Based on the book by Marshall Brickman and Rick Elice, the musical adaptation of Jersey Boys brings to life the story of Frankie Valli and The Four Seasons on the stage of Manchester’s Opera House. Direction from Des McAnuff, with choreography by Sergio Trujillo, and composer (and original member of the Four Seasons) Bob Gaudio produces a quirky but hilarious dramatized retelling of what may be an unfamiliar story for many UK audiences.
Four guys from the streets of New Jersey are trying to make a name for themselves in the music industry.
Between stints in jail, scams, and playing in The Silhouettes Club, these enthusiastic lads just cannot catch a break.
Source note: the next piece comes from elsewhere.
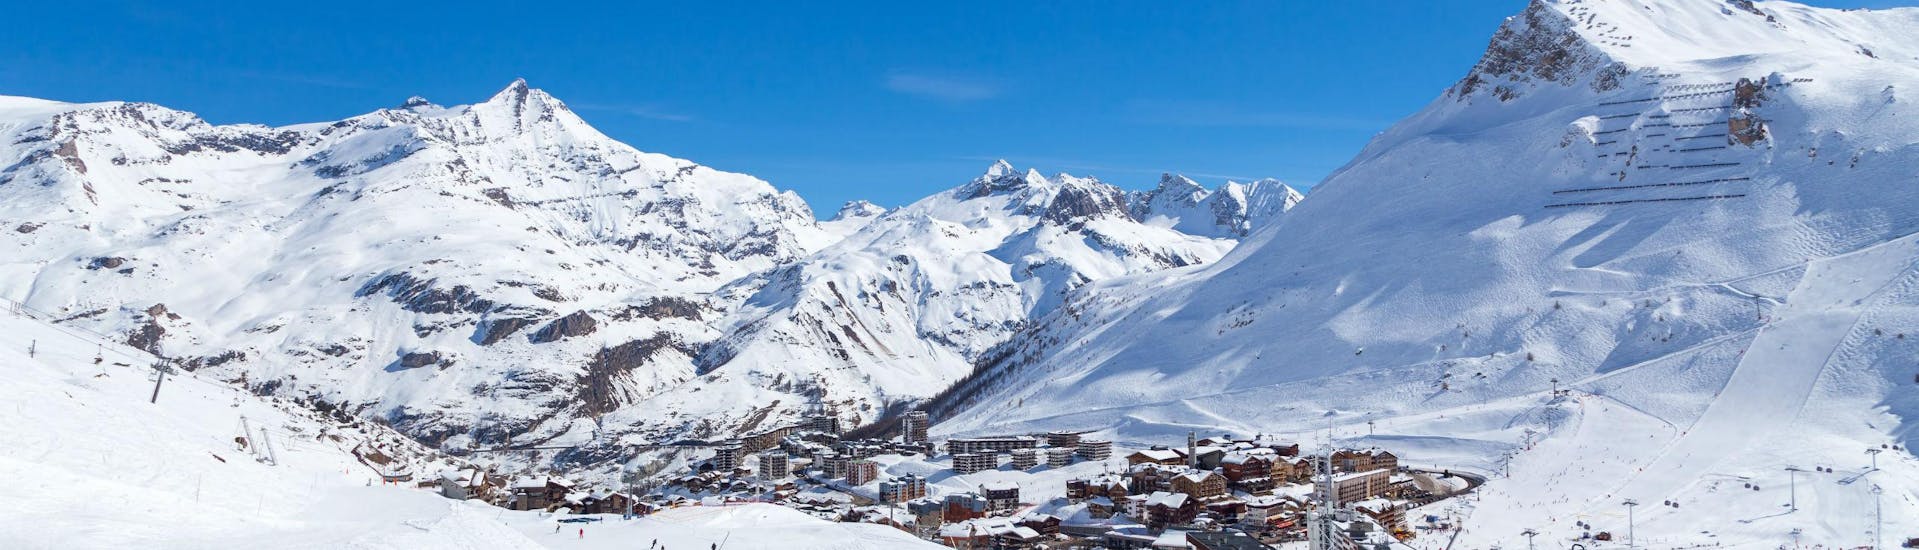 Une vue de la station de ski de Tignes sous un grand ciel bleu, avec ses nombreuses pistes utilisées par les écoles de ski locales pour leurs cours de ski.

Each member of the band takes a turn at narrating the journey of their way to the top – but not everyone remembers it the same way. Each character’s narration provides a useful insight into the different personalities of each man.
Tommy DeVito (Dalton Wood) introduces us first, playing the role of the gangster who always gets what he wants. Initially a third of the trio that later becomes The Four Seasons, he and his two other bandmates are never out of jail long enough to actually play together.
Tommy stands by the fact that there would be no Four Seasons without him, and that he makes all the decisions that leads them to the point of success. Bob Gaudio (Blair Gibson) on the other hand is a vital part in writing and producing many of their smash hits, and so firmly believes his role to be most crucial.
While Frankie Valli (Michael Pickering/Ryan Heenan) remarks that he is the leading man with the strongest voice that defines the sound of Frankie Valli and the Four Seasons. Nick Massi (Christopher Short) makes a lesser claim; simply the band needs four members and he is along for the ride, and referring to himself as ‘the Ringo Starr of the group’.
On this touring production of Jersey Boys, Frankie Valli is portrayed by Michael Pickering, and at certain shows, Ryan Heenan. You are in for a real treat if you attend one of Heenan’s performances.
His voice is extraordinarily balanced between his full voice and his falsetto which pays wonderful homage to the real Frankie Valli and perfectly attributes him into that role.
His performance of Can’t Take My Eyes Off You is nothing short of phenomenal and a real crowd pleaser.
Wood is a convincing, intimidating ganger as Tommy, but he also allows us to see two sides of him – one side where he is controlling, violent, and another where he is seemingly more uncertain and unsure.
We hear more of Heenan’s and Wood’s voice than we do the other two, because at one time or another they were both the leading man, while Gibson and Short provide the wonderful harmonies and back up that are a key part of the Four Seasons sound, as well as playing keyboard and base, respectively.
The stage set is relatively simple, with two spiralling staircases which lead to a walkway across the top of the stage. This is a very functional set, allowing space for the ever-changing pieces of set that roll in and out at various points, creating atmospheres of jail; the Silhouettes Cub; tv studio; recording studio; and a bowling alley (where bowling balls are rolled across the stage floor!) as well as living rooms, car interiors, and many more.
Above the walk way is a screen that adds more context to whatever setting is occurring on stage, whether it be the name of the club, or a stylised backdrop of the location.
A particularly smart touch is the imitation of television broadcasting, where television cameras are rolled out to stream the live footage from stage on to the projection for audiences to watch; much like as if they are at home watching it on a black and white TV, dispersed with genuine older footage from the late 1950s and 1960s television studio audience.
The live band take residence on the stage, rather than in the orchestra pit which is always great to see!
Jersey Boys is a feel-good musical, and though audiences may be unfamiliar with the backstory of the Four Seasons, there is enjoyment to be found within.
This jukebox musical features songs you will already know, such as Shery, Big Girls Don’t Cry, December 1963 (Oh What a Night), Beggin’, and Bye Bye Baby plus many more.
The musical provides context and a special insight into those songs and what was going in the lives of the Four Seasons at the time of writing and recording them, and there are other names thrown around that you might just recognise.
What Jersey Boys does well is explore themes of gambling and debt without getting too dark, which comes with a brilliant dynamic shift in Act 2, while Act 1 provides more of an outsider’s view, Act 2 brings a shift in the dynamic and all the secrets start to spill out…
Jersey Boys has won 65 major awards across the decades; see what all the fuss is about and join the 27 million people who have already joined the party worldwide!
Tickets and more information about the show can be found here.
Please note, Jersey Boys is recommended for audience members aged 12+ due to the authenticity of New Jersey language that features in the production, which may be unsuitable for younger audiences.